Panorama de los flujos financieros ilícitos en Colombia
Colombia, al igual que otros países, se ve profundamente afectada por los flujos financieros ilícitos, no solo a nivel social sino a nivel económico, pues el tráfico de personas, los cultivos de uso ilícito, la comercialización ilegal de oro y el tráfico de maderas, entre otros, ocupan un lugar importante en la actividad económica y en las relaciones económicas con el exterior y en el país.
El tráfico de cocaína ha generado flujos financieros ilícitos entrantes que oscilan entre USD $1.152 y USD $8.619 millones anuales entre 2015 y 2019, incluyendo la importación de insumos para su producción, según datos del informe de la UNCTAD.

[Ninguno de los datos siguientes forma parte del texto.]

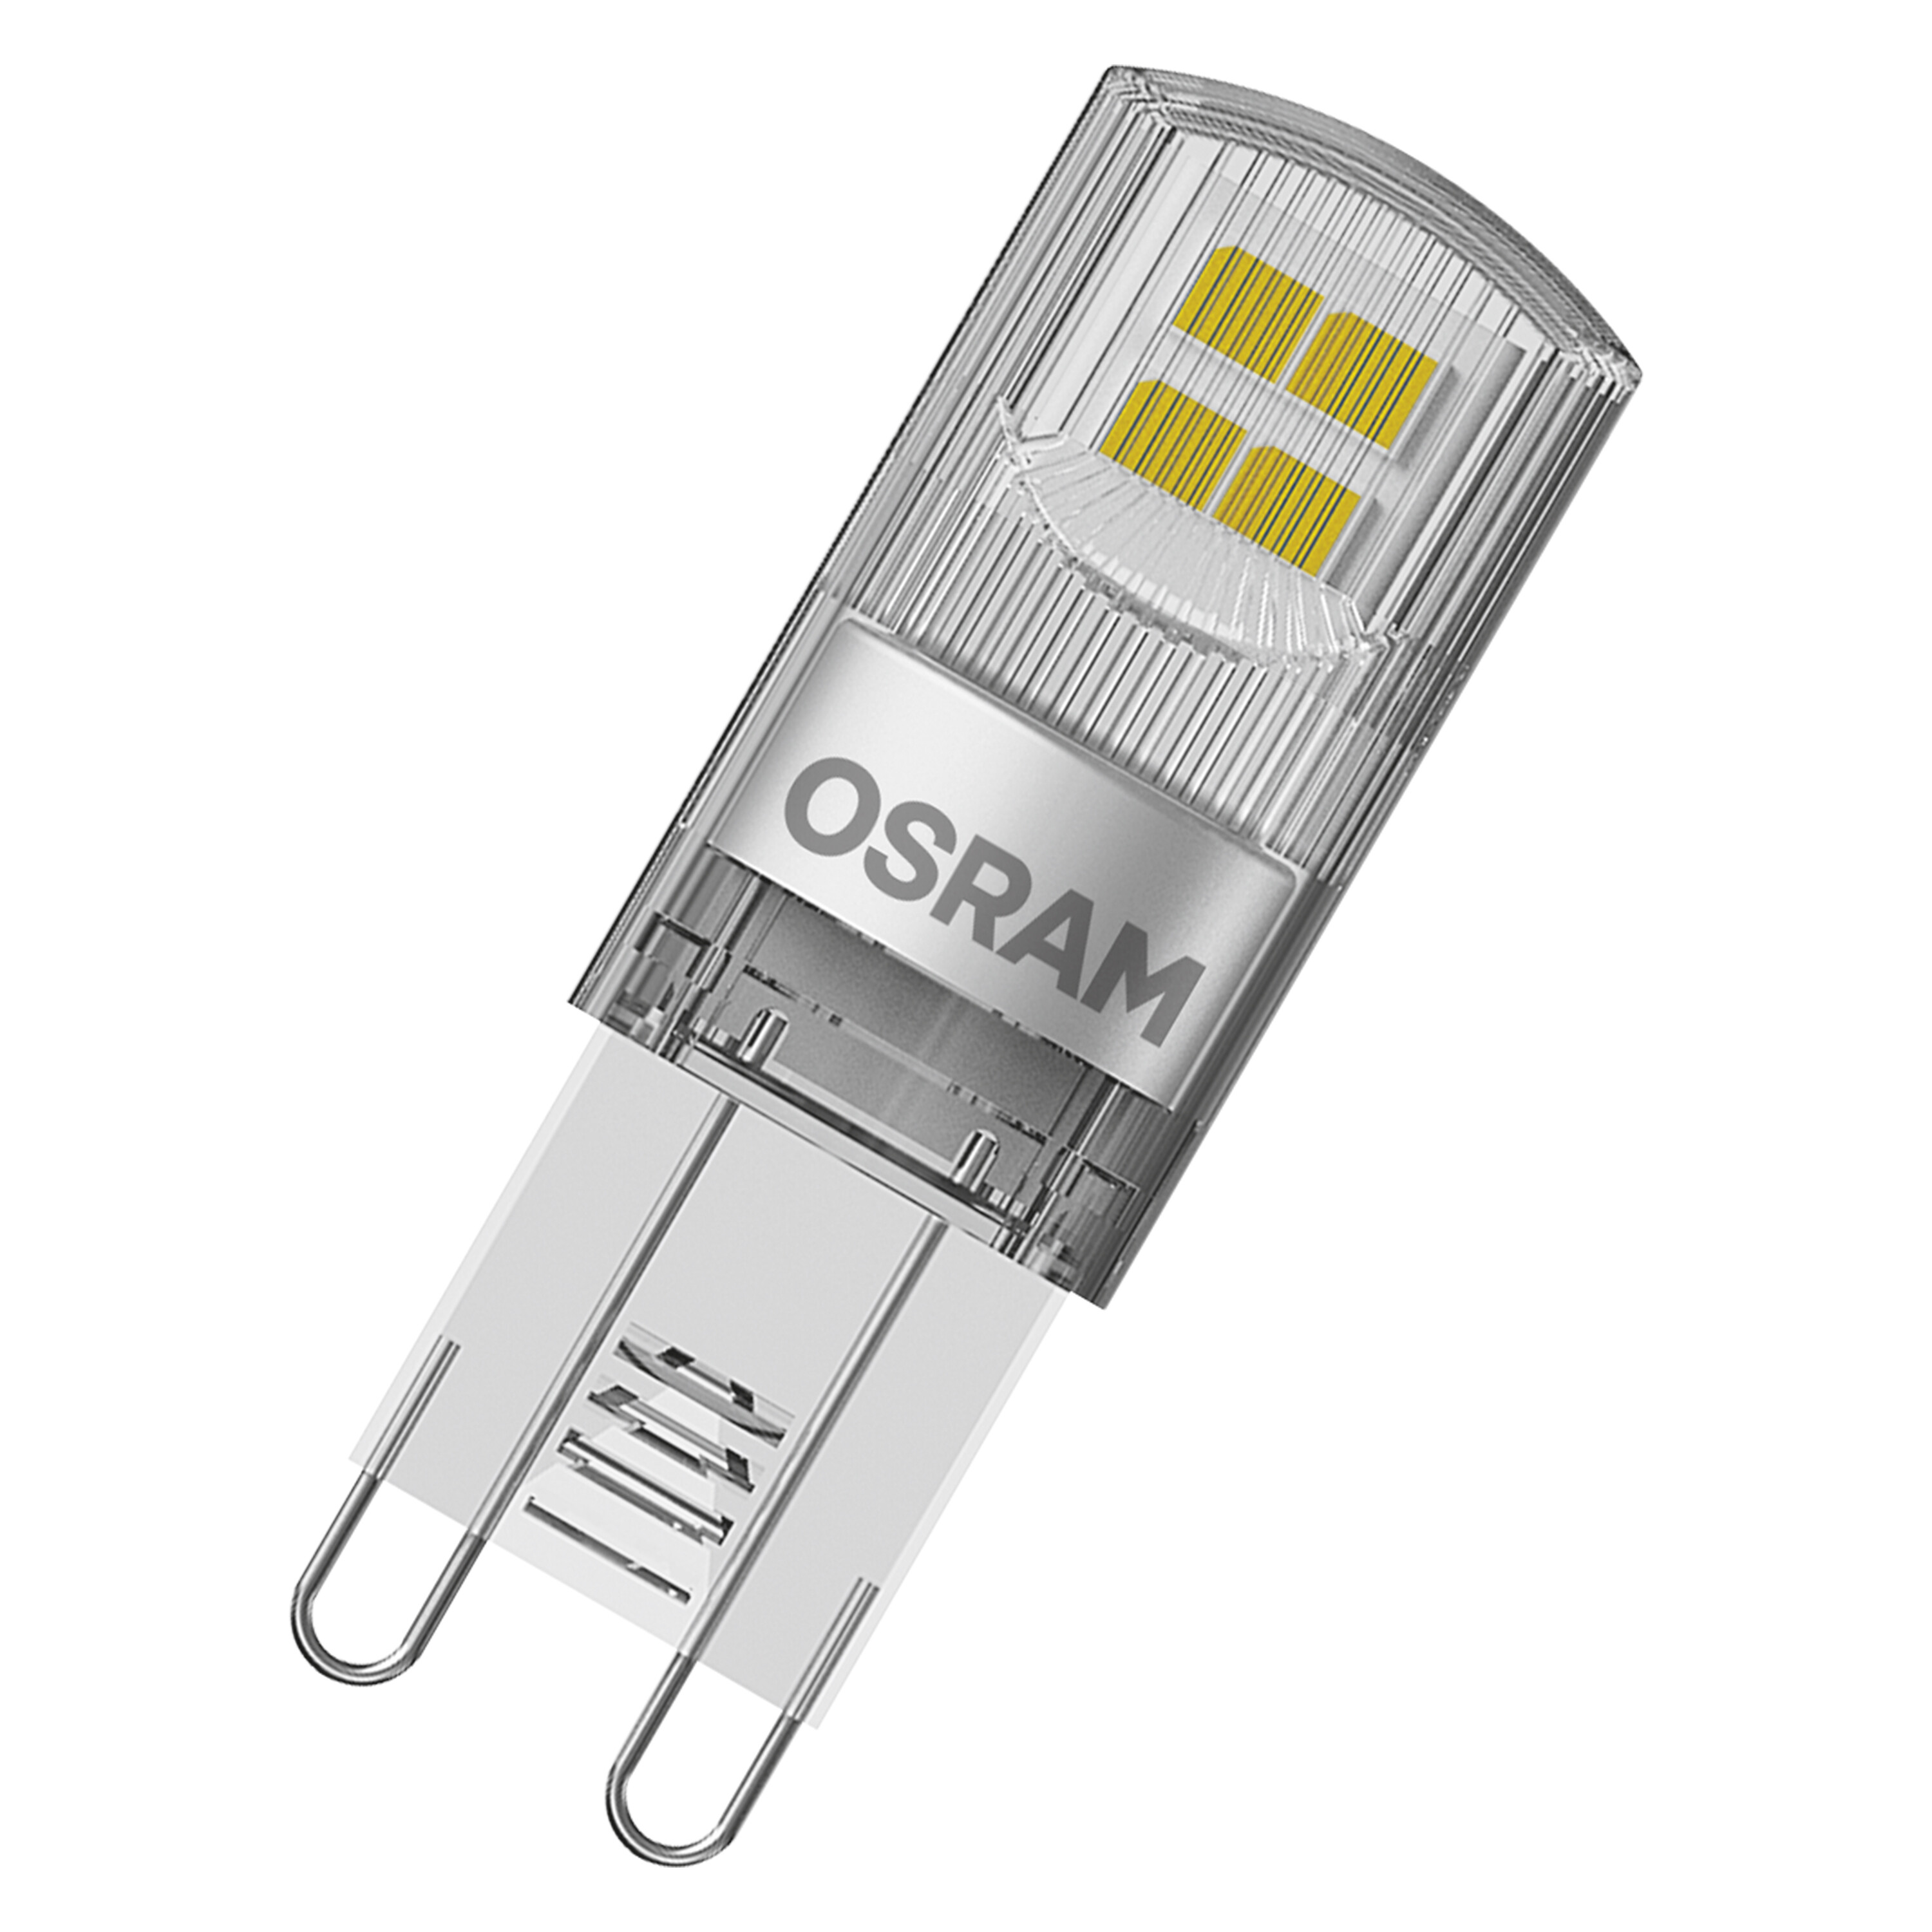 Lampe BASE Lumen G9 LED OSRAM  PIN Warmweiß 200 LED
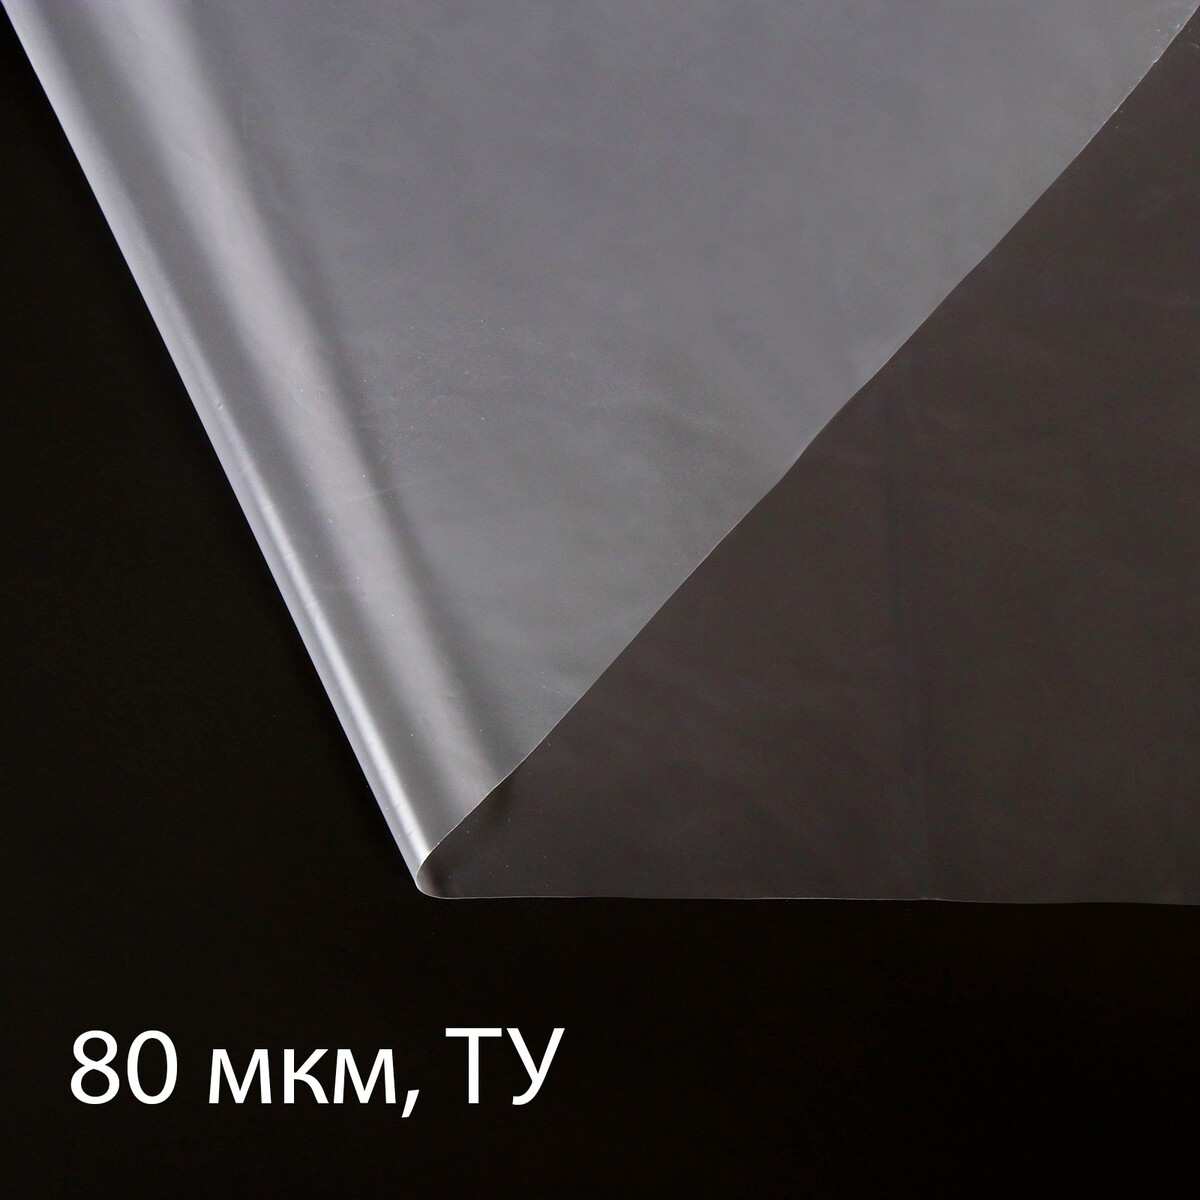 Пленка полиэтиленовая 80 мкм, прозрачная, длина 5 м, ширина 3 м, рукав (1.5 × 2 м), эконом 50% пленка полиэтиленовая толщина 200 мкм прозрачная 5 × 3 м рукав 1 5 м × 2 эконом 50%

Las consecuencias de estos flujos financieros ilícitos se evidencian en alteraciones del manejo macroeconómico, el desarrollo de una economía subterránea, el aumento de la inflación y la proliferación de actividades y sectores ilegales cuyas ganancias no son reportadas al fisco.
Estas actividades no pagan impuestos, con lo cual el presupuesto del gobierno se reduce y aumenta el peso de rubros como la deuda externa, la cual, según el Banco de la República, alcanzó los USD $187.529 millones en el segundo trimestre de 2023, equivalentes al 56,1% del PIB.
En consecuencia, el impacto de los flujos financieros ilícitos en las finanzas públicas termina dificultando la resolución de los problemas relacionados con la generación y la distribución de la riqueza.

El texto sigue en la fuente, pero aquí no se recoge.